Question

In $△$ABC, $\angle B={90}^{\circ }$.

If $tanA=\frac{1}{\sqrt{3}}$, then

$sinA.cosC+cosA.sinC=$ ___
and, $cosA.cosC-sinA.sinC=$ ___

Answer 1

Given $tanA=\frac{1}{\sqrt{3}}$, and $\angle B={90}^{\circ }$ in $△$ABC.
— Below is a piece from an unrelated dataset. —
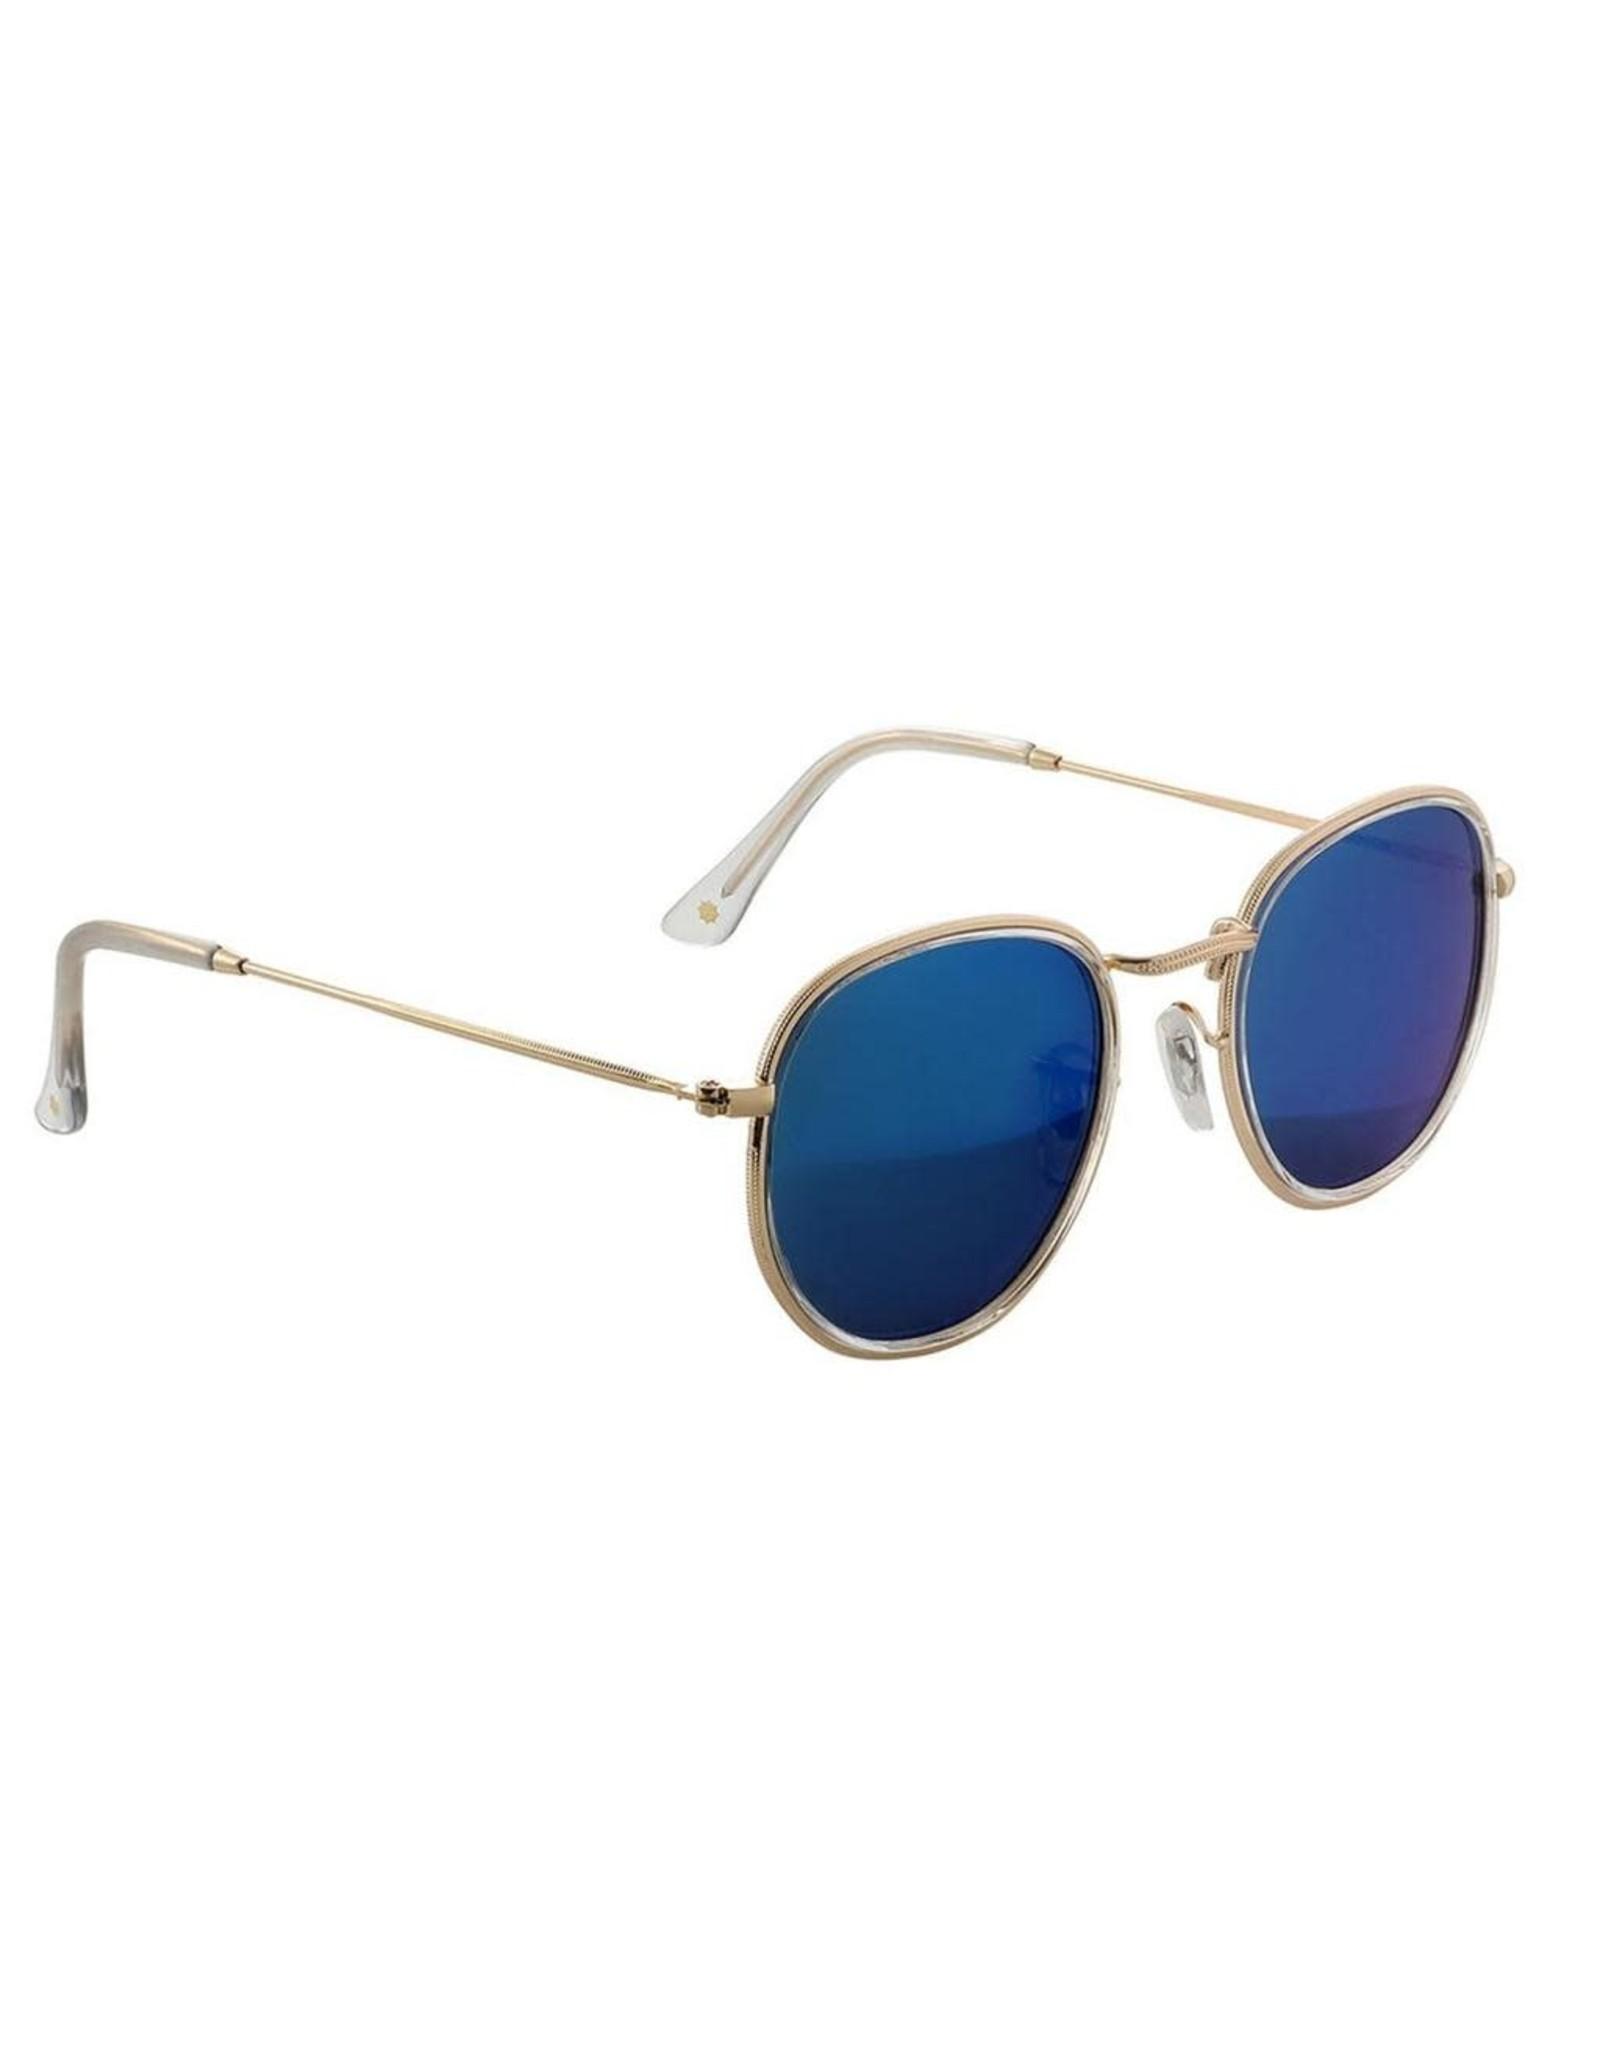 Glassy - Lunette soleil homme hudson polarized clear/blue mirror

We know that $tan{30}^{\circ }=\frac{1}{\sqrt{3}}$

$\therefore \angle A={30}^{\circ }$

Now, $\angle A+\angle B+\angle C={180}^{\circ }$

$\Rightarrow \angle C={180}^{\circ }-\angle B-\angle A={180}^{\circ }-{30}^{\circ }-{90}^{\circ }={60}^{\circ }$

Now, $sinA=sin{30}^{\circ }=\frac{1}{2}$

$cosA=cos{30}^{\circ }=\frac{\sqrt{3}}{2}$

$sinC=sin{60}^{\circ }=\frac{\sqrt{3}}{2}$

$cosC=cos{60}^{\circ }=\frac{1}{2}$

The first expression is sin A cos C + cos A sin C

$=\frac{1}{2}\times \frac{1}{2}+\frac{\sqrt{3}}{2}\times \frac{\sqrt{3}}{2}$

$=\frac{1}{4}+\frac{3}{4}=\frac{4}{4}=1$

The second expression is cos A cos C - sin A sin C

$=\frac{\sqrt{3}}{2}\times \frac{1}{2}-\frac{\sqrt{3}}{2}\times \frac{1}{2}$

$=\frac{\sqrt{3}}{4}-\frac{\sqrt{3}}{4}=0$